[Extracted records]
____

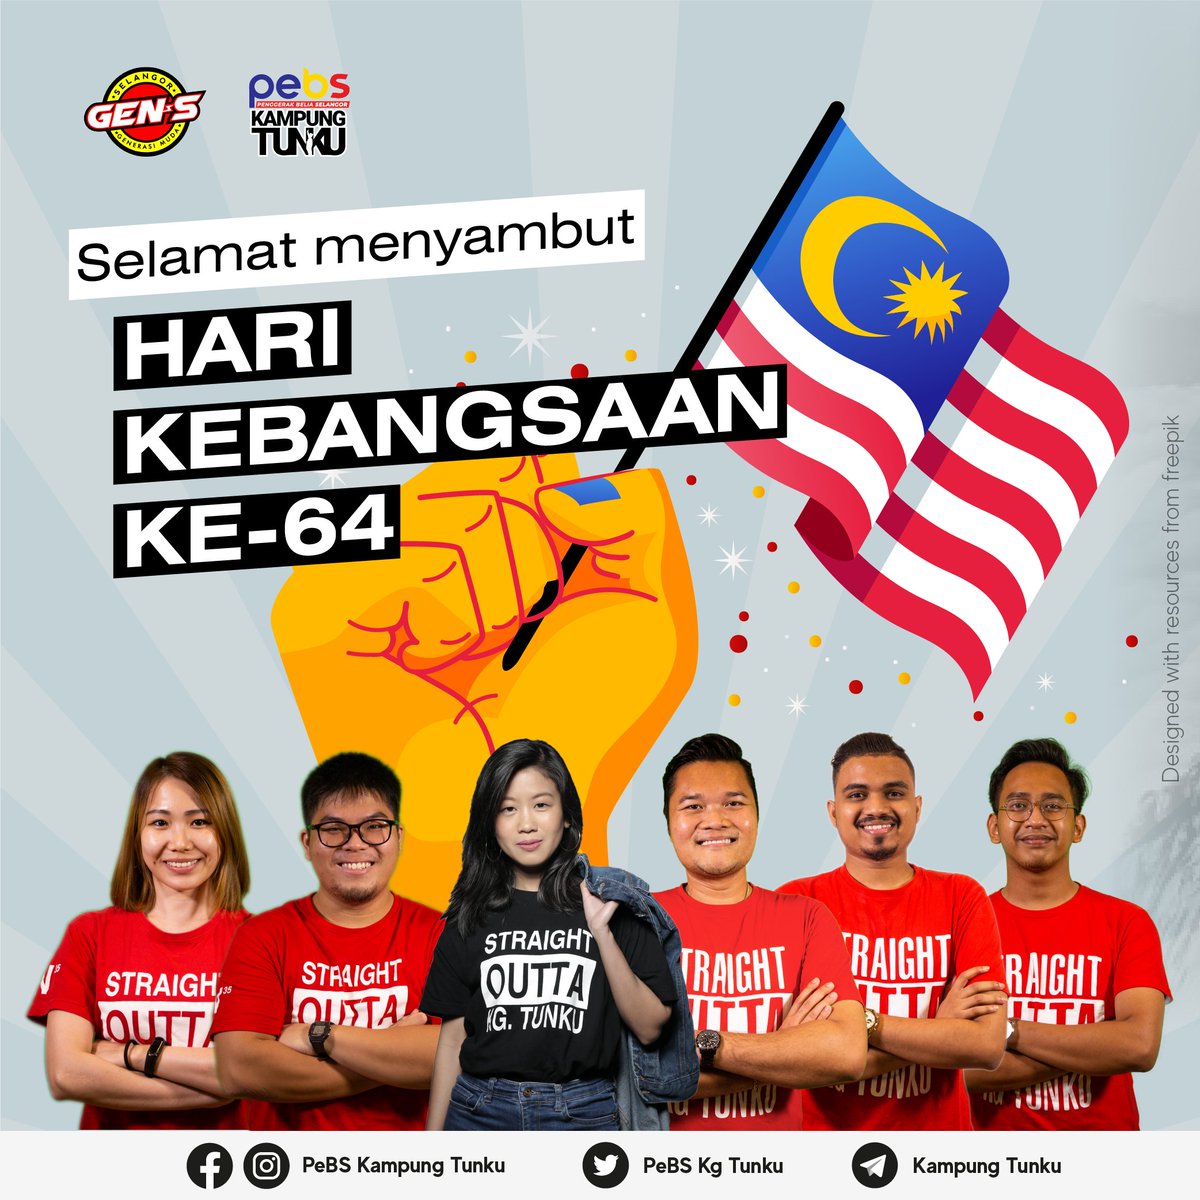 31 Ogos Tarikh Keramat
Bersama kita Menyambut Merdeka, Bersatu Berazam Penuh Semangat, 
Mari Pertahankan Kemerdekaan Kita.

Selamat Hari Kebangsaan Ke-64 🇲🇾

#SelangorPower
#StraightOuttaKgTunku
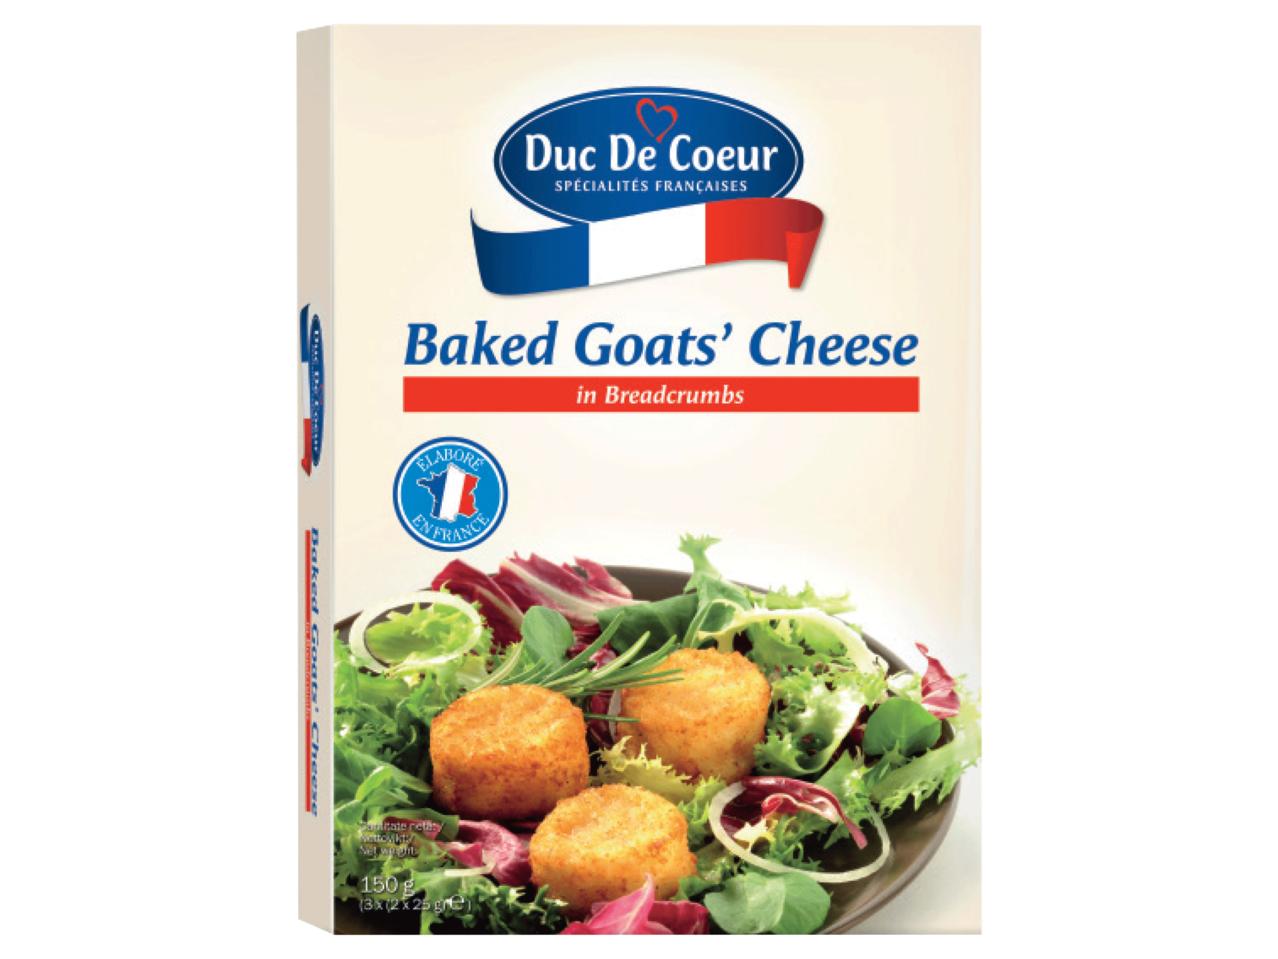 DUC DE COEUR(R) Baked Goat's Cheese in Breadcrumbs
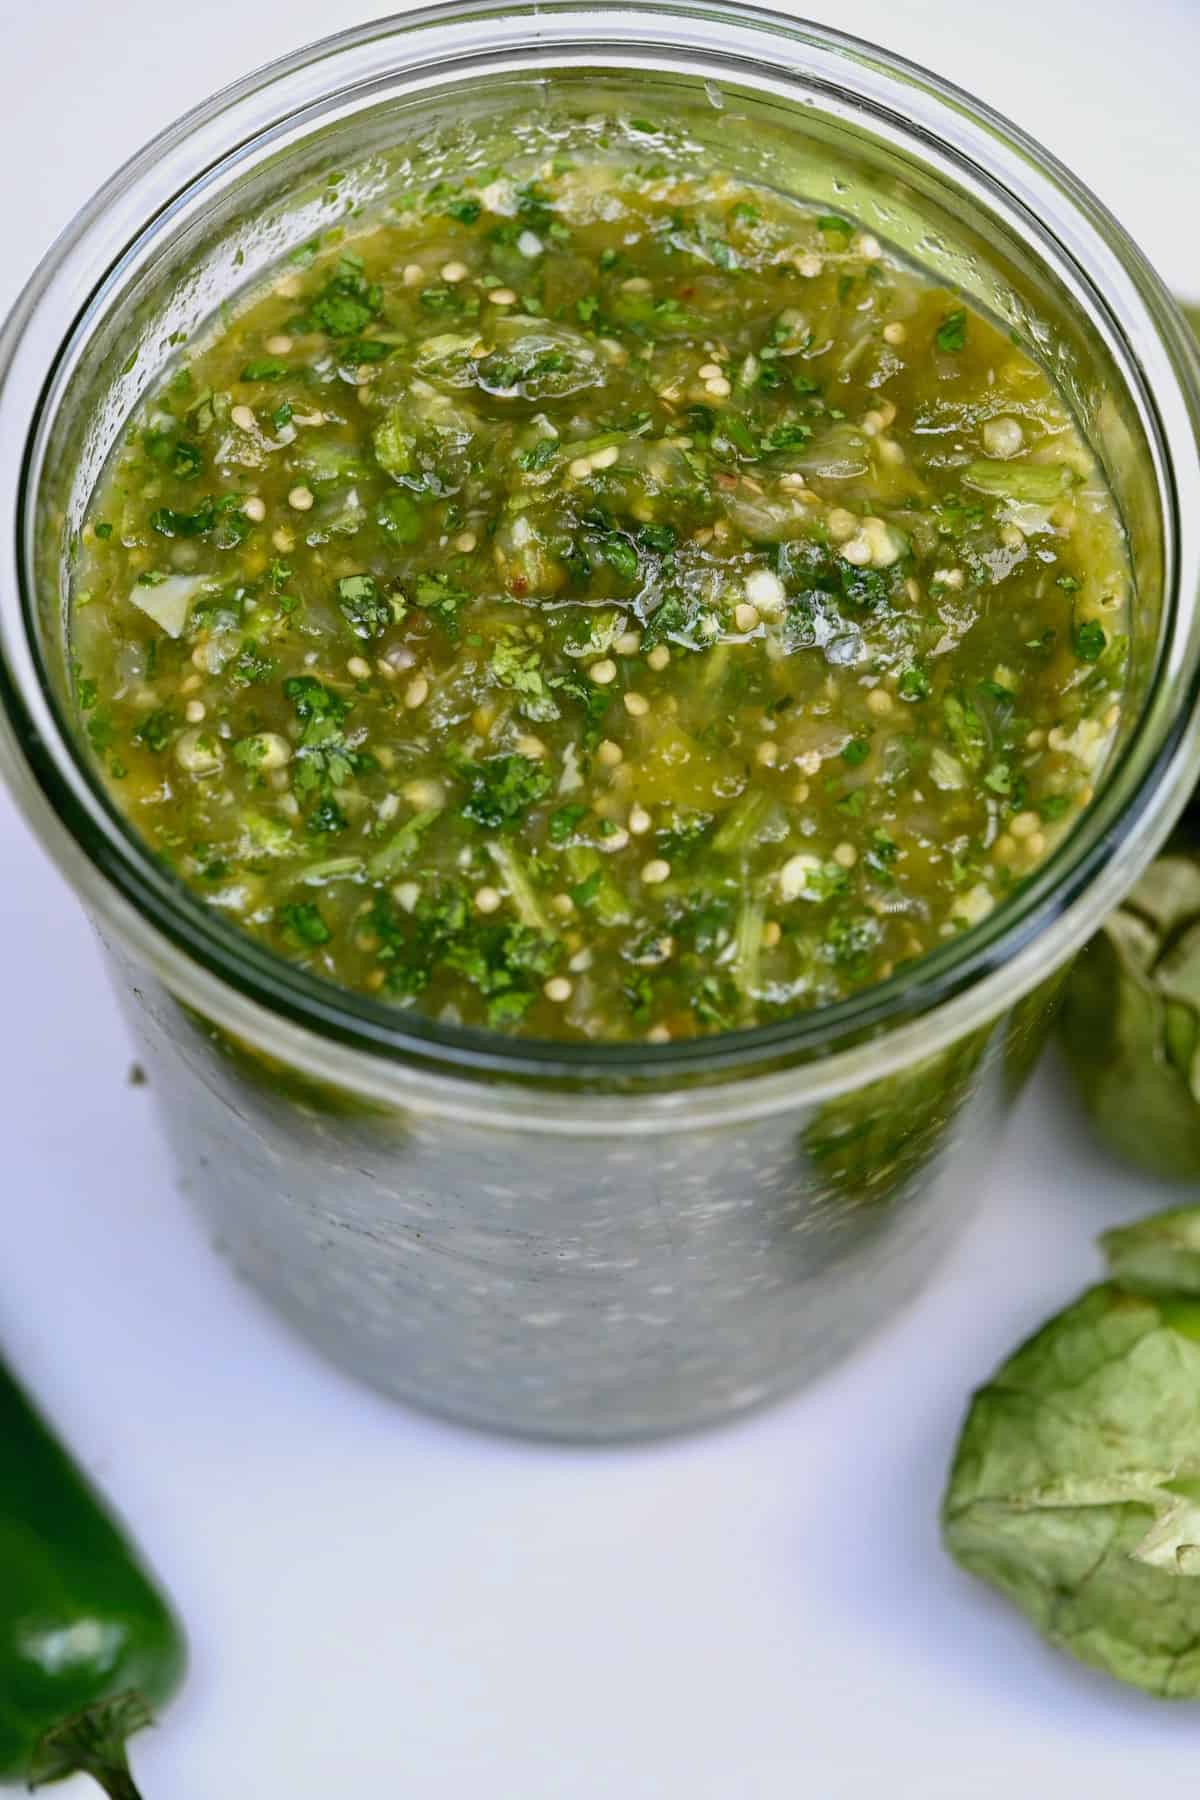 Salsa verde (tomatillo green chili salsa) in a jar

____

[Instructions for the task]
Please retype the lines from the one containing "#SelangorPower" through the last line of the records above, exactly as written, and leave out any pictures.

[Task response]
#SelangorPower
#StraightOuttaKgTunku
 DUC DE COEUR(R) Baked Goat's Cheese in Breadcrumbs
 Salsa verde (tomatillo green chili salsa) in a jar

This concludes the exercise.